In contrast to its predecessor, the Barack Obama administration is combining a smaller and more selective U.S. military footprint with diplomatic initiatives.

While the strategy seems to be faltering in Syria, Libya and Iraq, there may be cause for optimism in Yemen, where the U.S. military role has been confined to providing logistical support for Saudi-led bombing and drone strikes against al-Qaeda.

On Thursday, Houthi rebels who provoked the Saudi campaign by seizing the capital, Sanaa, and large amounts of territory beyond their traditional northern tribal lands agreed to attend peace talks in Geneva June 14.
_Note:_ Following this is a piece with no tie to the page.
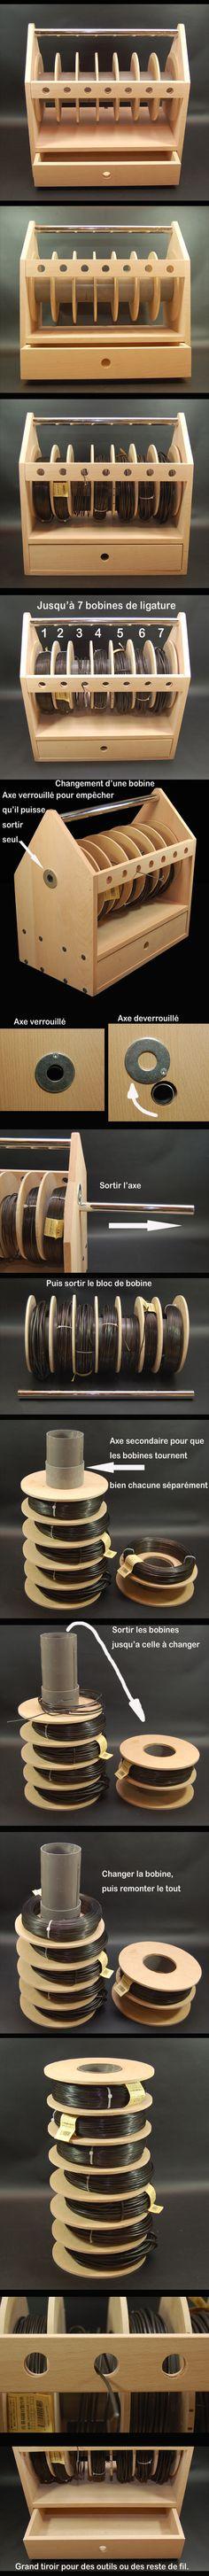 Dérouleur pour fil de ligature, Dérouleur pour fil de ligature, LIGATURE - Poterie du Monde

The announcement followed a rare meeting last week in Oman between Houthi representatives, U.S. Assistant Secretary of State Anne Patterson and U.S. ambassador to Yemen Matthew Tueller. The meeting in Oman – which has stayed neutral in the conflict – was a breakthrough according to Stephen Seche, a former U.S. ambassador to Yemen who is now vice president of the Arab Gulf States Institute.
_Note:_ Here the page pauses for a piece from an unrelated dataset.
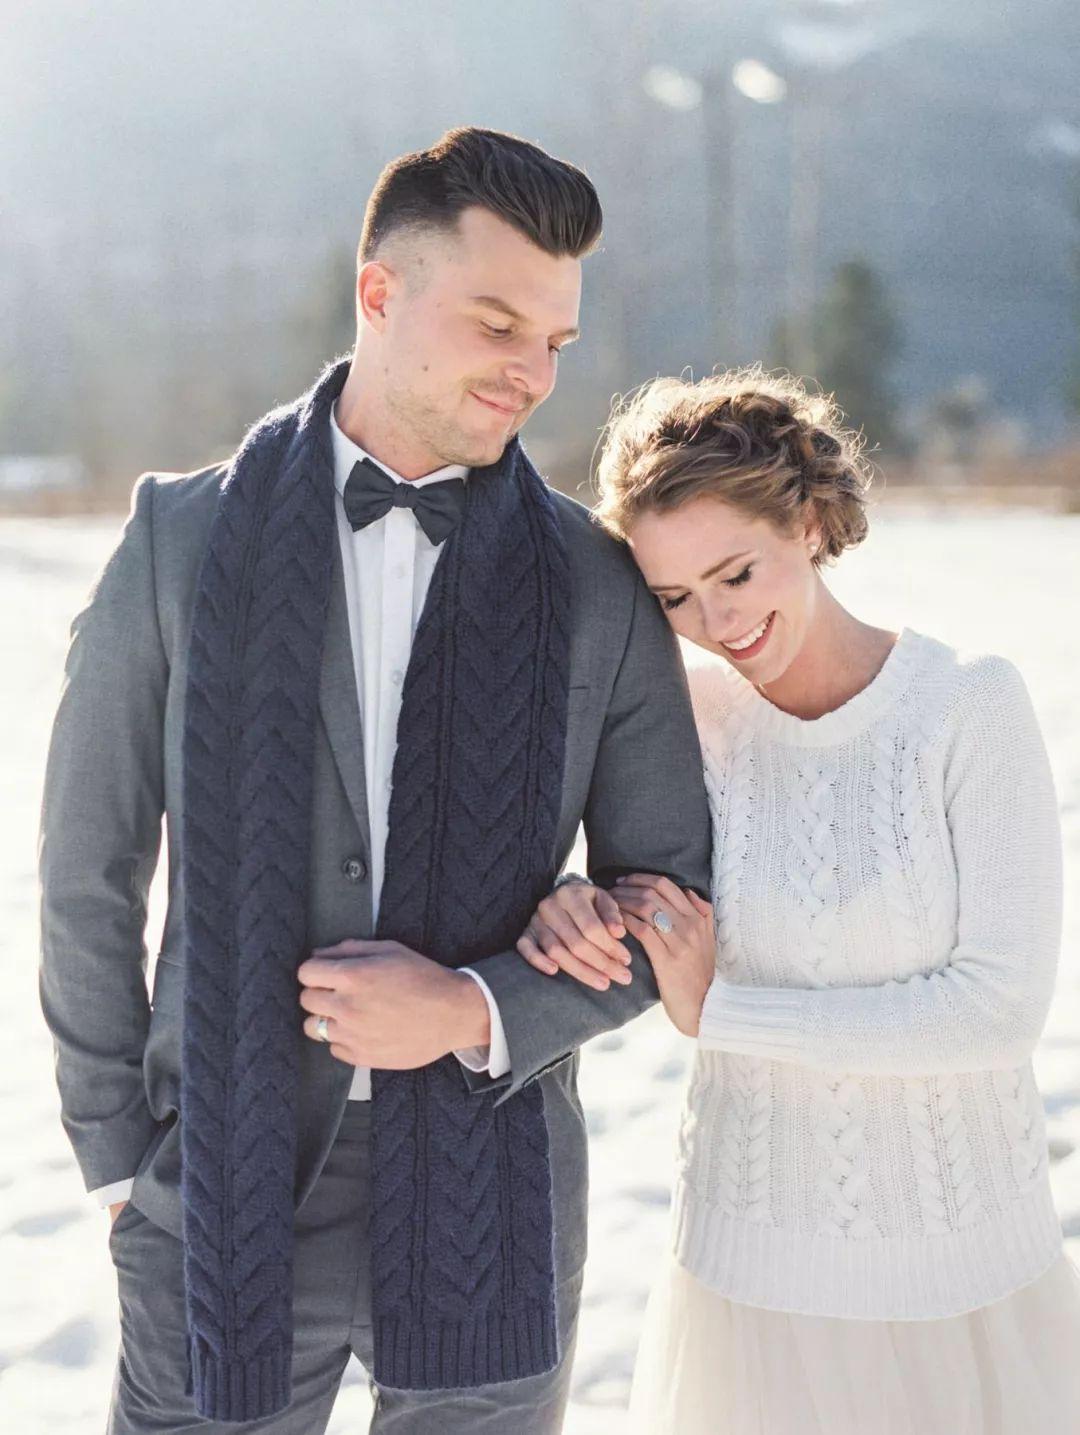 向冷氛围势利抬头 我能穿件毛衣去完婚吗?

The U.S. intelligence community has had links to the Houthis but was unable to dissuade the group from seizing Sanaa earlier this year and advancing to the southern city of Aden. The Oman talks, Seche said, not only led to freedom for a U.S. journalist held hostage by the Houthis, but gave the U.S. “a better sense of the Houthi endgame.”

Houthi acceptance of the Geneva talks, organized by a U.N. envoy, provides hope for a lasting cease-fire in the war, which has killed about 2,000 people, many of them civilians, and created a humanitarian crisis in one of the region’s poorest nations.

The Saudis have portrayed the campaign as an effort to prevent Iran, which supports the Houthis, from spreading its hegemony to a country that is traditionally within the Saudi sphere of influence.

Abdul-Ghani Al-Iryani, a Yemeni political analyst and president of TAWQ, a non-governmental organization that advocates democracy, told the Arab Gulf States Institute that Iranian influence over the Houthis has been exaggerated and that the conflict in Yemen is primarily a domestic matter.

Saudi bombing has empowered extremists among the Houthis and cemented their alliance with an ousted president, Ali Abdullah Saleh, Iryani said, as well as boosting the fortunes of the local al-Qaeda affiliate.

Iryani told VOA News that he believed the fighting would stop soon and that the Saudis would jettison the exiled president of Yemen, Abd Rabbuh Mansur Hadi, in favor of his vice president, Khaled Bahah, a former prime minister and ambassador to the U.N. who has more popular support.

“The Iranians have a very effective local ally [in Yemen] but the Saudis don’t have one,” Iryani said, unless they push out Hadi, an ineffective successor to Saleh.

Prospects for diplomatic progress in the region’s other conflicts look much dimmer.

U.S. Deputy Secretary of State Tony Blinken resorted to touting body counts in an effort to show that a U.S.-led coalition is making headway against the Islamic State in Syria and Iraq. But despite Blinken’s claims that U.S.-led airstrikes have killed 10,000 militants, IS keeps advancing and appears to have consolidated control over Ramadi, the capital of Anbar province, in Iraq.

Outgoing chairman of the Joint Chiefs of Staff, Gen. Martin Dempsey, said he was not surprised that “there’s been this back and forth in the early stages of what will be a long campaign” against IS.

But there are real questions about the will of Shiite-led Iraqi forces to fight to reclaim Sunni Muslim majority areas.

In Syria, there seems to be a tacit agreement between IS and the regime of Bashar al-Assad to target other opposition groups and not each other. Assad’s goal: force the global community to make a binary choice between his regime and IS, with his regime emerging as more acceptable. IS has a similar goal for Sunni Syrians: that it is the better alternative than Assad.  Meanwhile, the Obama administration has trained fewer than 100 Syrians as an alternative to both Assad and IS.

At the Atlantic Council on Thursday, former Secretary of State Madeleine Albright – who is co-chairing the new task force with former national security adviser Stephen Hadley – said the region was facing “a set of overlapping crises” unlike any witnessed in the past. The aim of the task force, she said, was soliciting answers from the region “not just codifying an ‘inside the Beltway’ consensus” in Washington.

But with the Middle East so divided, those answers are likely to be confusing and contradictory.

Rabab El Mahdi, an associate professor of political science at American University in Cairo, told the Atlantic Council audience via teleconference that the region was not so much facing a series of crises as a “historic transformation” akin to what Europe experienced in the 18th and 19th centuries.

Arabs, she said, are still seeking freedom but the euphoria of the 2011 Arab uprisings has been replaced by “a feeling of despair and intense frustration.”

The setbacks in the region are seen by many Arabs “as an outcome of U.S. policies going back to the invasion of Iraq” and the U.S. failure to resolve the Arab-Israeli conflict as well as lackluster support for Arab political transitions, el Mahdi said. “We can have common enemies,” she added, but “that doesn’t necessarily make us friends.”